Write out exactly the lines of the entries below from the one holding "PacsafeGO 25L Backpack" to the one holding "Shoppers Are Summer-Ready", inclusive, and leave out all other lines.

=== Extracted entries ===
☆ ☆ ☆ ☆ ☆

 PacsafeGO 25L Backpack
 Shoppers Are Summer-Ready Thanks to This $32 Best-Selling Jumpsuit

☆ ☆ ☆ ☆ ☆

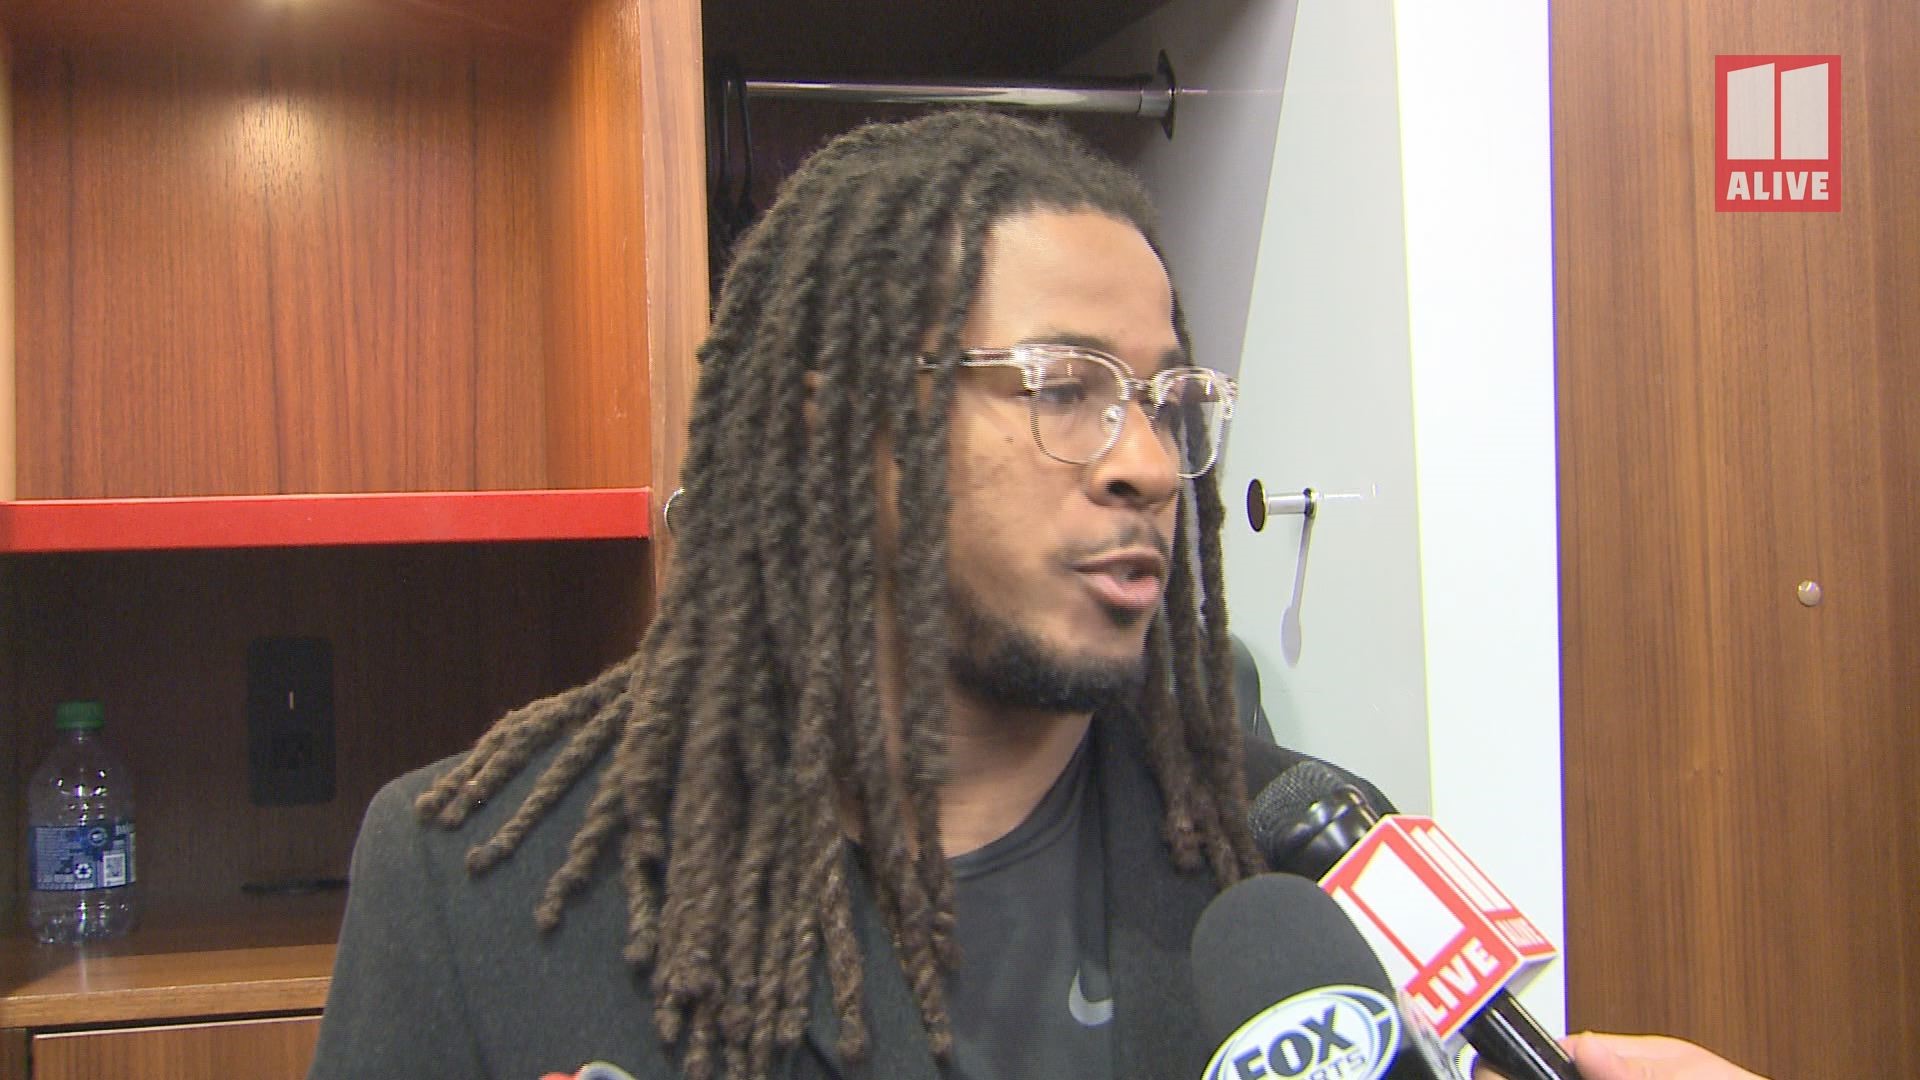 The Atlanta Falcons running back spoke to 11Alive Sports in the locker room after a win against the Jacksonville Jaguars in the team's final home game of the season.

☆ ☆ ☆ ☆ ☆

=== Response box ===
 PacsafeGO 25L Backpack
 Shoppers Are Summer-Ready Thanks to This $32 Best-Selling Jumpsuit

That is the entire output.